Girding The Grid

Innovation may be the life-blood of technology, but once the electrons stop flowing even the best information system goes limp.

About 50 million electricity customers throughout the Northeast and Canada learned that lesson the hard way—an Aug. 14 blackout exposed how vulnerable the nation’s electric system is to accidental or intentional interruption.

Investigators will mine data from Supervisory Control and Data Acquisition (SCADA) software, much like an airplane’s black box, to get a real-time picture of what went wrong. In the meantime, here are the numbers behind the grid:

10

The number of seconds utility operators have to react to a cascading collapse of the power grid.
Energy management systems are primarily used to distribute power across the grid. They aren’t built to do the computations necessary to adjust the flow of electricity after rapid-fire catastrophic events, says Chanan Singh, head of the electrical engineering department at Texas A&M. “There just wasn’t enough time,” in August, says Singh. “That has to be done by human beings.”

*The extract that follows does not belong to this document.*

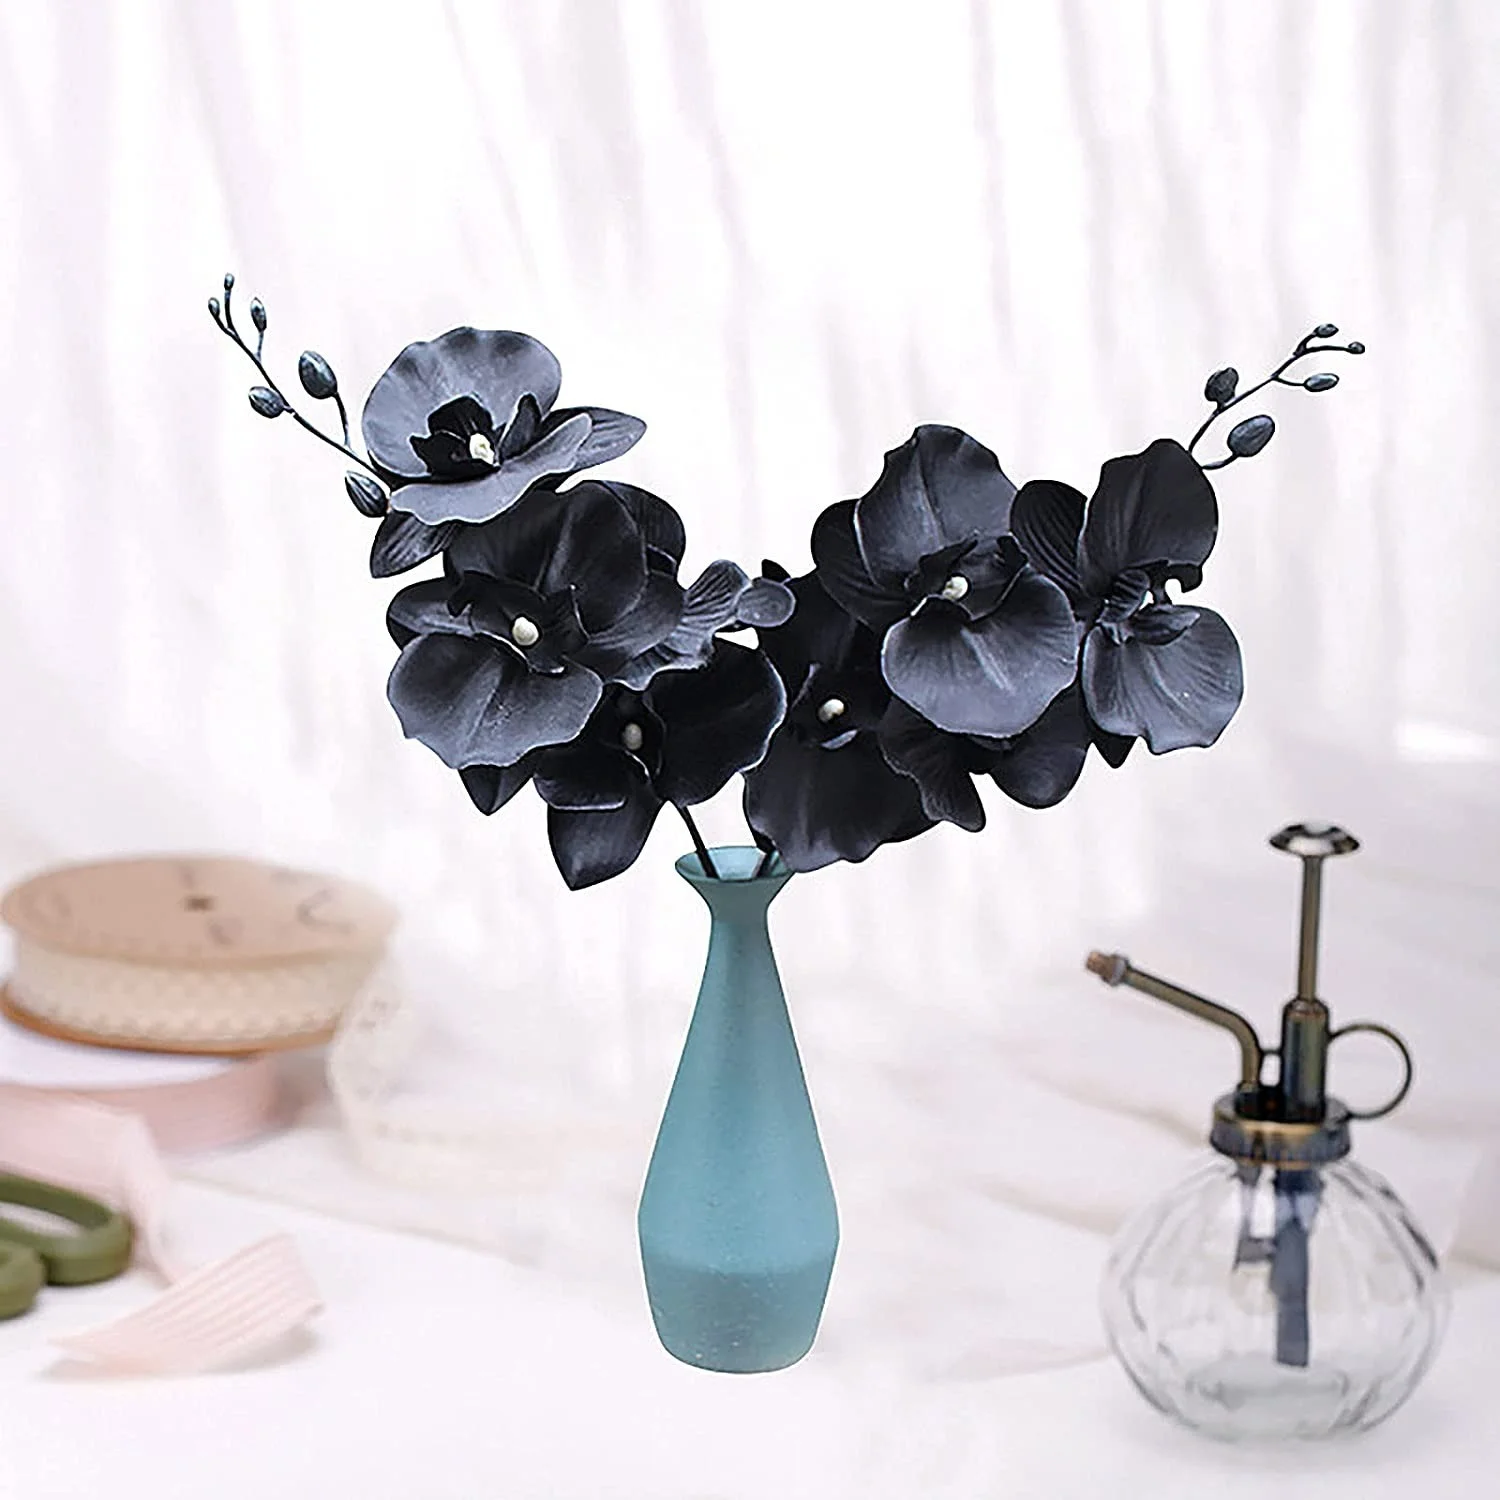 

Black Artificial Orchid Stems Silk Real Touch Dancing Simulation Flower Artificial Butterfly Branches for Home Office Decoration

Because of dense populations in cities, power plants need to balance the distribution of electricity between urban areas. If one generator dips its production, others in the power grid offset the fluctuation. This balancing act takes place in nanoseconds.

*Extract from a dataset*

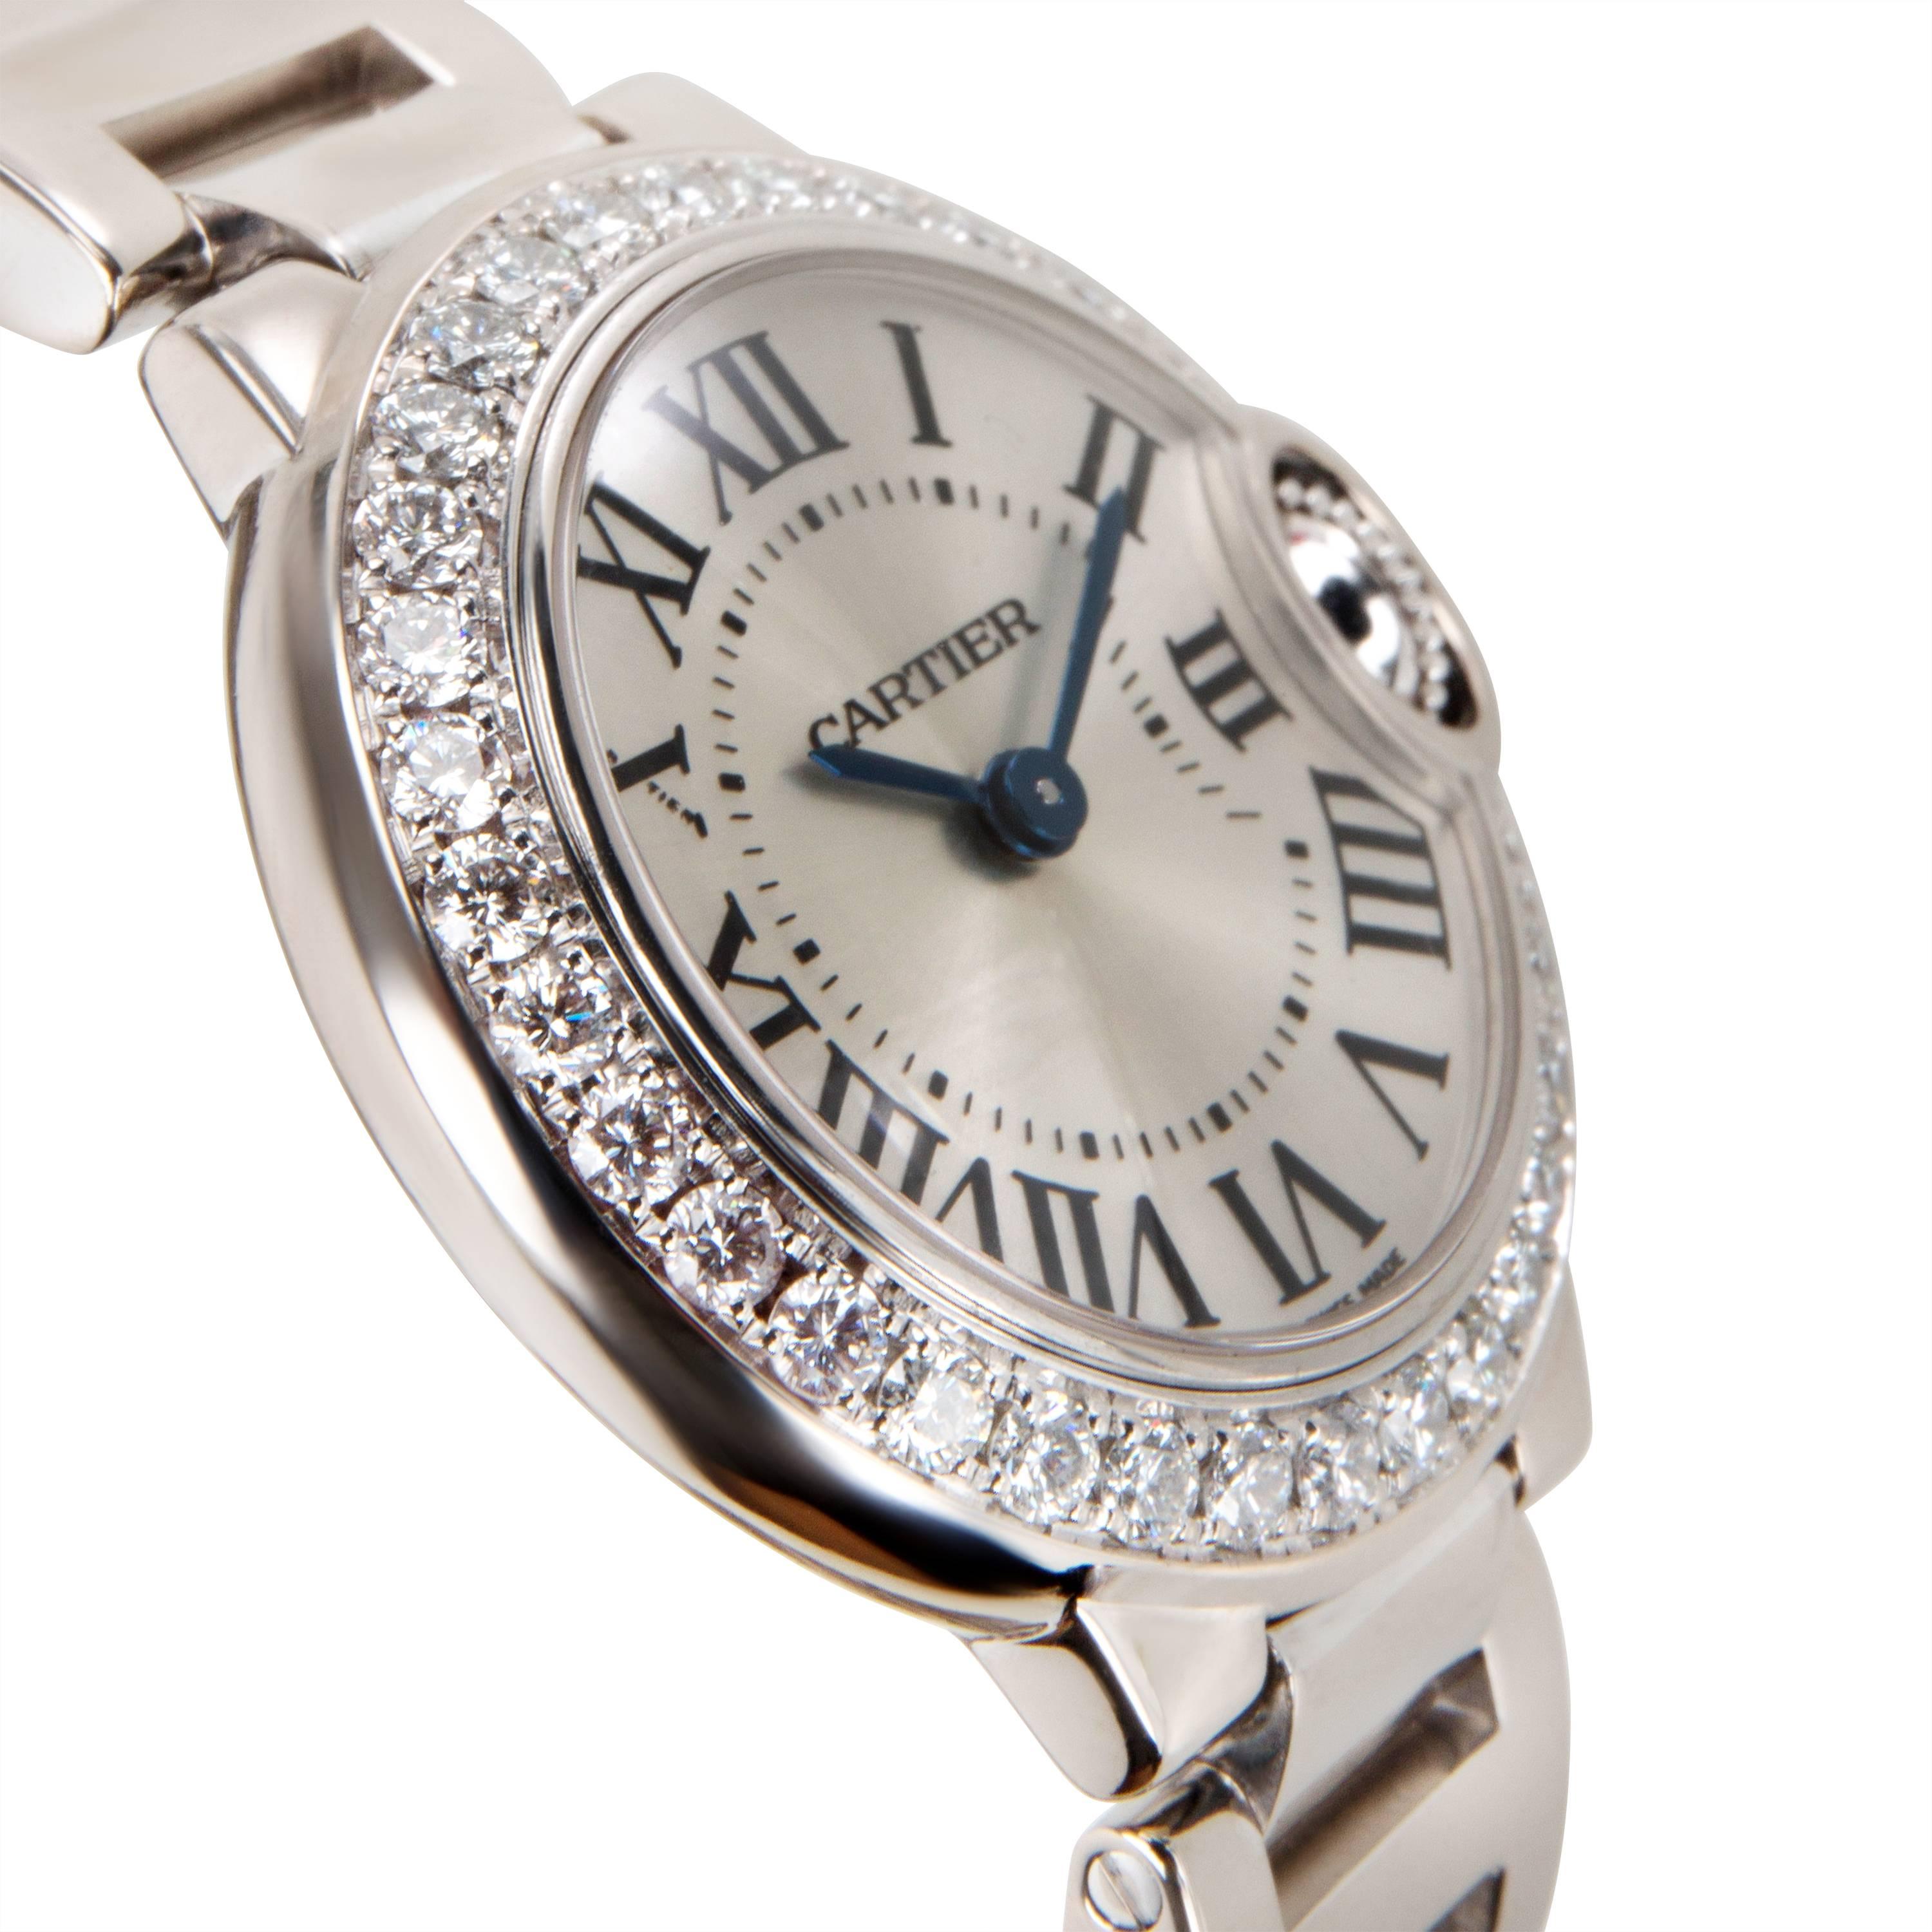 Cartier Ballon Bleu WE9003Z3 Ladies Watch in 18K White Gold. Retail price $37,600.

 In excellent condition and recently serviced by a certified watchmaker. Comes with original box, papers and instructions. 

PRIMARY DETAILS
Brand:  Cartier
Model:

Singh says overlapping power sources are good “99% of the time,” but a sharp drop in power spurs shutdowns.

$90M

Cost to install an energy management system for a utility.
These systems are designed to balance load, the amount of electricity traveling through the grid, when supply and demand are off-kilter. The system tracks the frequency, voltage and sequence of electricity between two points. If the generators are firing “in-step” in a region, the system adjusts the load on its own. When generators are out of synch, the system alerts operators who decide how to balance the system.

“It’s early in the investigation, but it’s apparent the right information didn’t get to grid operators in the time it takes to take corrective action,” says Jill Feblowitz, an AMR Research analyst.

1

One system failure. One scapegoat.
The transmission lines of FirstEnergy Corp. of Akron, Ohio, have been singled out as the choke point that triggered the blackout. Early reports indicated a lightning strike may have damaged a generator and key transmission lines in Ohio. FirstEnergy officials, who won’t reveal their suppliers, admit that at least one part of their system failed.

“We do know that our alarm-screen function failed,” says FirstEnergy spokesman Mark Durbin. “But we can’t believe that a problem with our transmission lines could have been the cause of such a widespread problem.”

Credit Suisse First Boston analyst James Heckler says blaming FirstEnergy for the mass outage is “premature and likely overstated.”

138+

The number of U.S. vendors who provide SCADA systems to utilities worldwide.
“There’s no standardization of I.T. systems for utility providers,” says Scott Castelaz, vice president of corporate development and external affairs at Encorp, a Windsor, Colo., developer of energy management software and hardware. “That becomes a real problem with so many agencies overlapping in densely populated regions.”

Analysts say a universal reporting and monitoring system helps operators respond to emergencies. Instead of calling each other by phone when something fails, alerts can come automatically.

“In some ways, it’s (utility providers’) responsibility to connect to each other through their systems,” says Feblowitz.

1948

Year thatPresident Truman launched plan to bring transmission lines and generators to rural America.
Power companies after world war II built transmission lines and generators in places far removed from cities. While rural residents were thrilled, they couldn’t consume the energy at their disposal. More capacity was built to shuttle excess power to metropolitan areas. The electric grid has been neglected ever since.

“Most of the grid’s infrastructure is more than 50 years old and hasn’t been upgraded,” says Castelaz. “The power companies are very proud that despite its age, the system still works pretty well most of the time.”